Dissecting the clonal origins of childhood acute lymphoblastic leukemia by single-cell genomics

Abstract

Many cancers have substantial genomic heterogeneity within a given tumor, and to fully understand that diversity requires the ability to perform single cell analysis. We performed targeted sequencing of a panel of single nucleotide variants (SNVs), deletions, and IgH sequences in 1,479 single tumor cells from six acute lymphoblastic leukemia (ALL) patients. By accurately segregating groups of cooccurring mutations into distinct clonal populations, we identified codominant clones in the majority of patients. Evaluation of intraclonal mutation patterns identified clone-specific punctuated cytosine mutagenesis events, showed that most structural variants are acquired before SNVs, determined that KRAS mutations occur late in disease development but are not sufficient for clonal dominance, and identified clones within the same patient that are arrested at varied stages in B-cell development. Taken together, these data order the sequence of genetic events that underlie childhood ALL and provide a framework for understanding the development of the disease at single-cell resolution.
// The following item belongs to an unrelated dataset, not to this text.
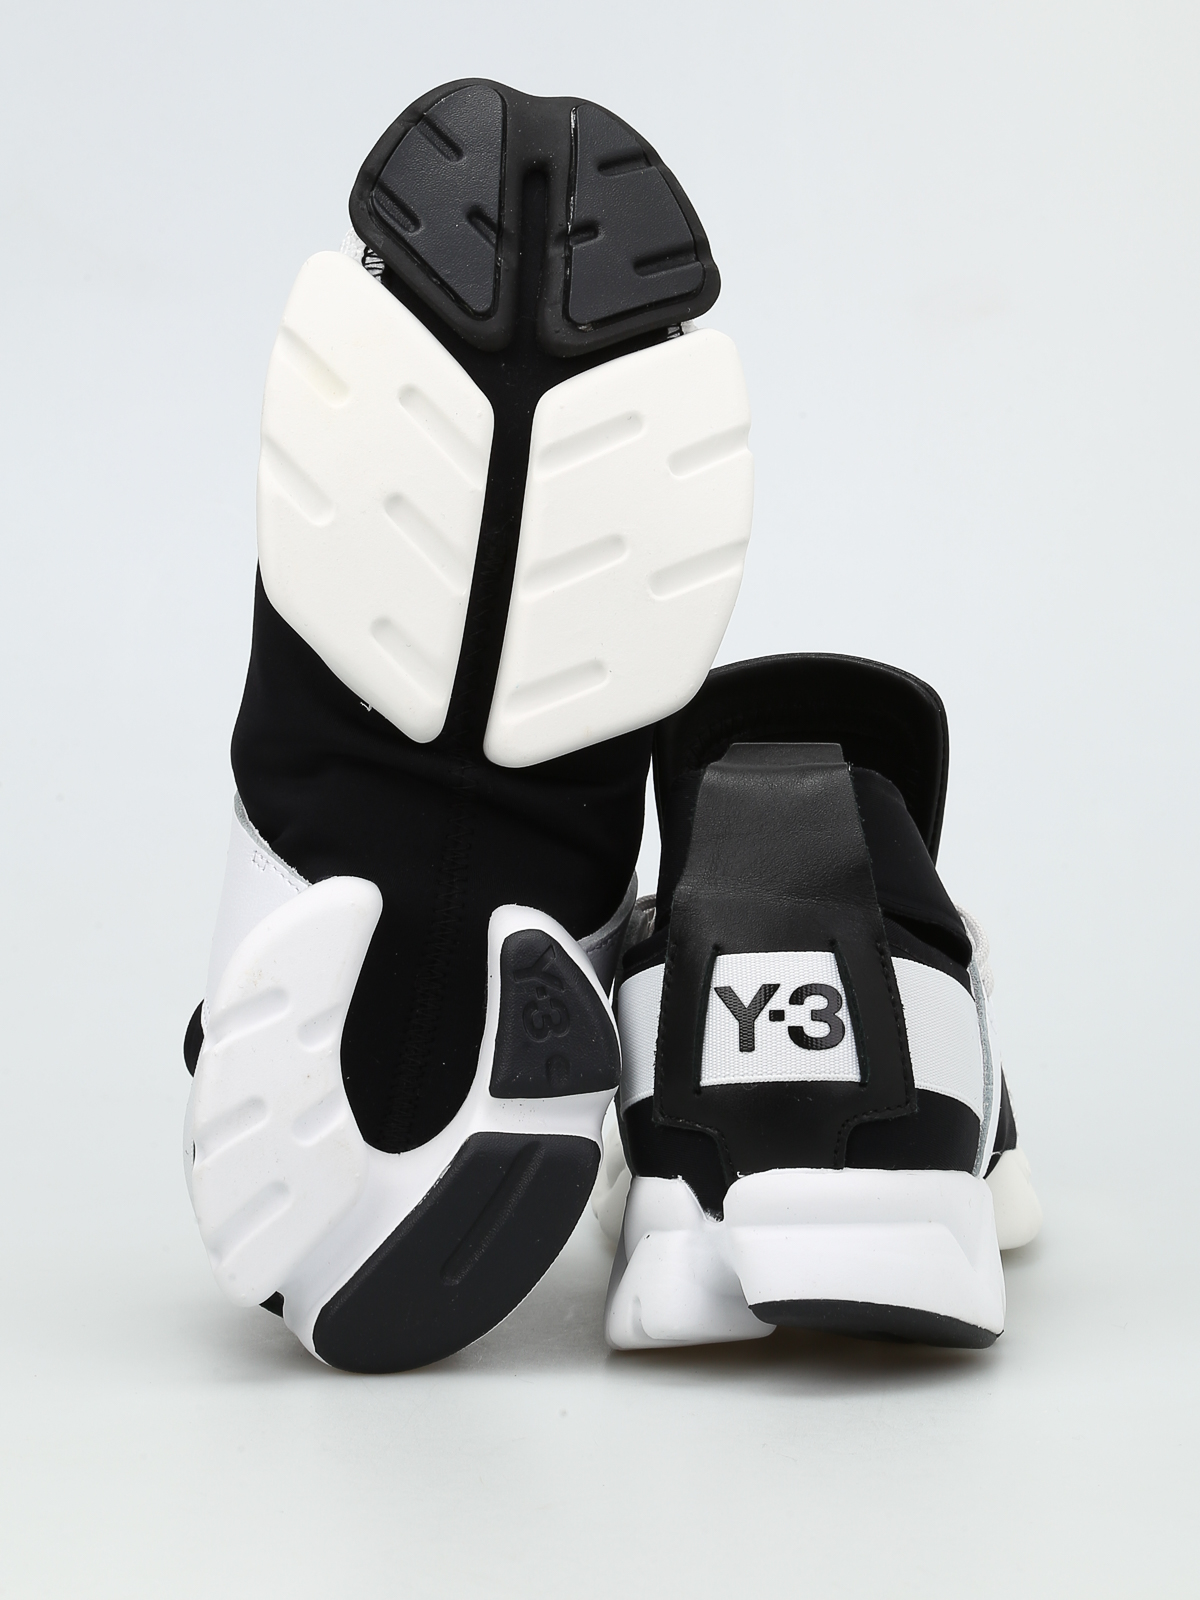 tieners haat richting Trainers Adidas Y-3 - Kydo sport style sneakers - S82165
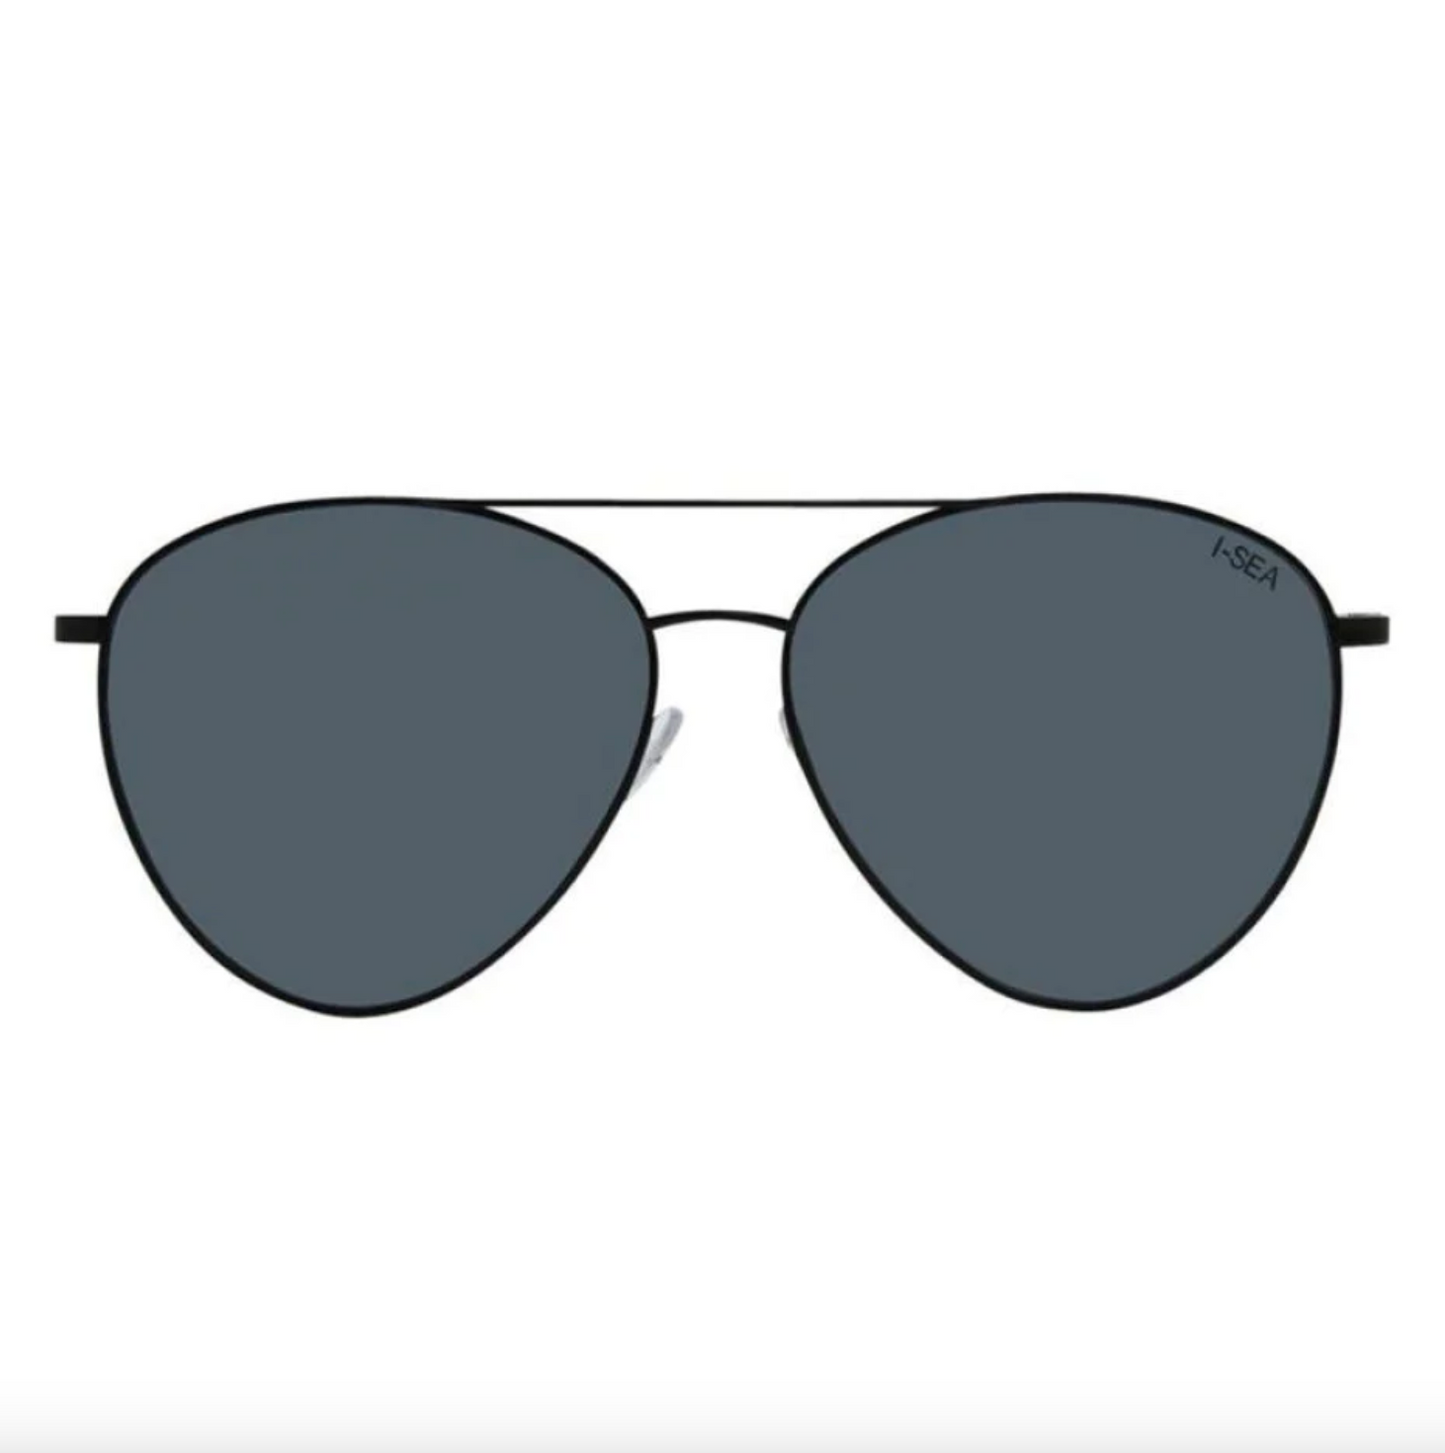 I-Sea Charlie Sunglasses Sunglasses in  at Wrapsody

Keywords: acute lymphoblastic leukemia; clonal evolution; cytosine mutagenesis; intratumor heterogeneity; single-cell genomics.

Fig. 1.

Overview of approach and bulk exome sequencing data. (A) Overview of experimental approach where bulk sequencing is used to identify mutations, followed by single-cell interrogations of those loci to reconstruct tumor phylogenies. (B) Overview of computational methods to use the single-cell mutation profiles to determine clonal structures (E–M, expectation maximization). (C) Number and classes of bulk mutations acquired in each patient. (D) Mutation allele frequency distributions for all confirmed bulk mutations. (E) Types of base changes observed in leukemia samples. (F) Evaluation of neighboring bases of C->T and C->G mutations reveal a strong preference for T preceding C.

Fig. 2.

Clone structures determined using expectation maximization algorithm on the multivariate Bernouli distribution model. Cells were visualized on the y-axes and mutations clustered by Jaccard distance on the x-axes. Mutation calls are represented by maroon boxes. The identification of statistically significant groups of cells by the expectation maximization on the multivariate Bernouli distribution model is visualized using multiple correspondence analysis. Interclonal distances and undetectable ancestors are quantitated and visualized using a directed minimum spanning trees. The size of each clone is proportional to its relative abundance, and the length of edges is proportional to the Jaccard distance between clones. Recurrently mutated genes in ETV-RUNX1 leukemias are shown in the clones where they were acquired; green genes are mutated more than once in the same clone, whereas orange genes are mutated more than once in the same patient, but in different clones. Genes that have been colored red have been implicated in ALL by the Cancer Genome Census, suggesting they could be providing increased fitness to those clones (22).

Fig. 3.

Overview of deletions detected in bulk exome and single cell data. (A) View of allele frequency of less abundant allele across chromosomes 12 and 16 in patient 4. Regions with a contiguous decrease in the allele frequency in the leukemia compared with the germ line represent deletions (black boxes). The allele frequency for the deletion in chromosome 12 (which includes ETV6) approaches 0%, suggesting it is clonal. Chromosome 16 deletion is near 25%, suggesting it is subclonal. (B) Number and size of deletions detected across all six patients using this approach. (C) Segregation of deletions across clones in patient 4. Chromosome 12 deletion is present in all clones, as predicted in A. Chromosome 16 deletion segregated down one branch of the tree, with a much lower level of deletion detection in other clones due to ADO leading to false calls. (D) Most deletions are detected in all clones, suggesting that the process that produces the deletions occurs before mutations are acquired.

Fig. 4.

Determination of IgH VDJ recombination across cells and clones clustered by Jaccard distance. (A) Patient 4 represents a pattern seen for three of six patients, with the use of a single VH segment in the rearranged VDJ sequences. (B) Patient 5 had two rearranged alleles detected in both clones. (C) Patient 1 had a significant fraction of VH-replacement clones. In addition, in clone 1 EYA4 mutation closely segregates with VH-segment IGHV3-33*01 (dashed box), suggesting it is a separate clone with a unique IgH sequence. Clone 2 had a much higher rate of VH-replacement, as well as rate of no VDJ calls. (D) Patient 2 clone 4 almost exclusively used IGHV3-64*01, whereas the other clones had high levels of VH replacement and no VDJ sequence calls. Black box represents the VH segment call for the VDJ sequence detected in each cell, whereas the white box represents no call.

Fig. 5.

Temporal ordering of events in the development of ALL. ETV6-RUNX1 translocation occurs in utero, followed by preleukemic evolution as a result of further genomic structural variation. The outgrowth of multiple dominant clones is then driven by cytosine mutations causing branching evolution. IgH rearrangement can occur before mutation acquisition, or continue to be ongoing in the most evolved clones.